We're Katelyn and Blake and we're nuts about animals-especially reptiles! Katelyn is a junior volunteer at the Mississippi Museum of Natural Science in our hometown of Jackson, Mississippi. She knows a lot about reptiles. Her work at the museum got us some special access to check out some of the animals there-including snakes, alligators, frogs, and turtles. Here's our question: What makes a good home for alligators?

What did we do?
First we spent some time at the museum's indoor and outdoor swamp exhibits. There we learned that alligators are cold blooded, which means they can't make their own body heat. We also read that the gators dig into the mud river banks for shelter, using the mud for a blanket of sorts. And they like to bask in the sun after eating, to aid digestion. The exhibit also showed that alligators are at the top of their food chain, they eat birds, turtles, and big fish, which in turn eat smaller fish, and these smaller fish eat micro-invertebrates. So even small micro-invertebrates are important to alligators!

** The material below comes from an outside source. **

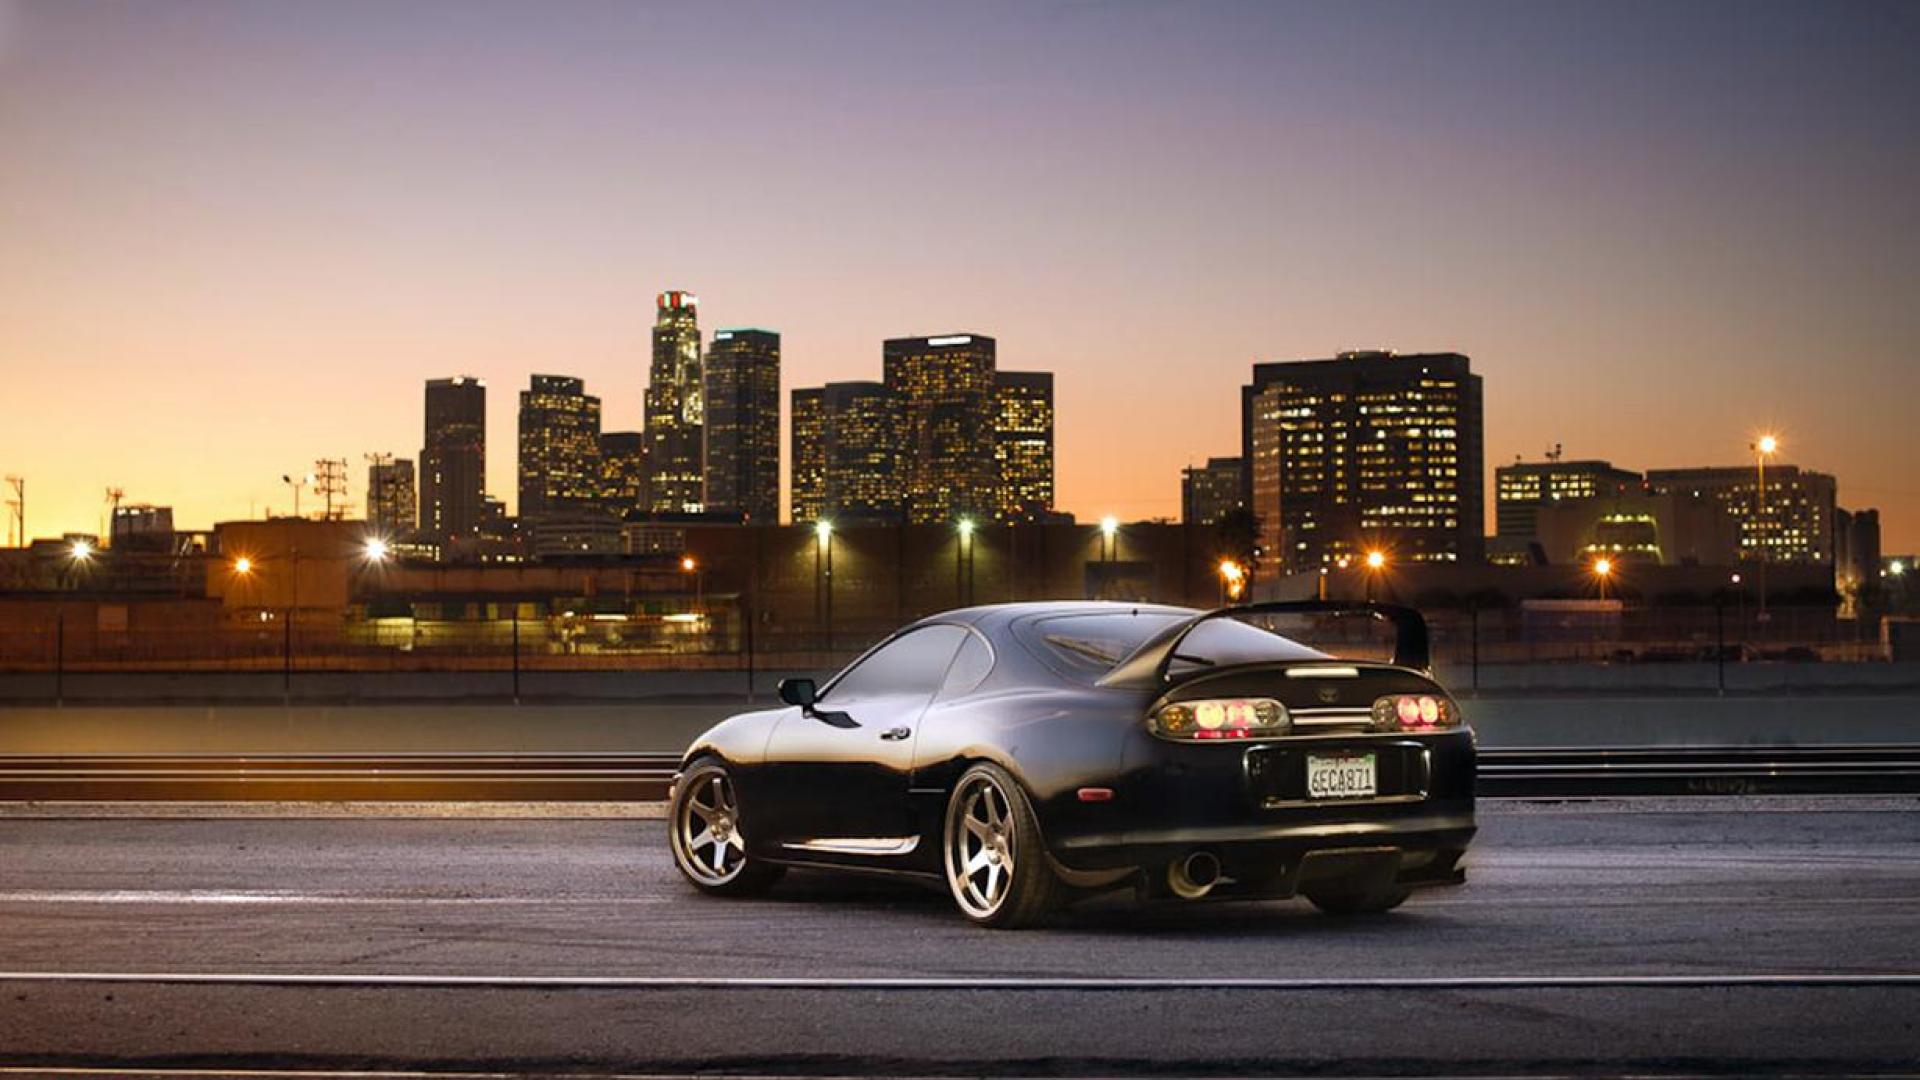 Toyota supra - - High Quality and Resolution Wallpapers

We decided to take what we learned out in the field to observe some alligators. We made a chart to keep track of the number of gators we saw and headed to Australia Island, a spot further up the Mississippi River. We counted 12 alligators at our first location. We took notes and a water sample. At our second location, where the swamp was wider, we didn't see any gators. So we took a water sample and headed back to the museum.

What did we find out?
When we put the water samples under a microscope back at the museum, we saw lots of micro-invertebrates from the first location, where gators were plentiful. But in the water sample from our second location, we didn't see any micro-invertebrates. When we analyzed our notes, we noticed that location one had a lot going for it in gator terms. It had mud, it had plenty of fish (a good food source), and it was quieter than the second location. In the end, it was really clear that location one was a much better habitat for the alligators. See you later, alligators!

What can you do?
  • Head out to a local pond or stream with dip nets and buckets to see what kinds of invertebrates you can find. Be sure to have an adult with you at all times, and only wade into the water up to your knees. Have a pond life field guide handy to help you identify what you see.
  • The food chain for alligators includes turtles and birds, large fish, small fish, and microinvertebrates. Develop a similar food chain for a large animal you see at the zoo. What clues can you see in the animal's exhibit that tell you about what creatures to include in the chain?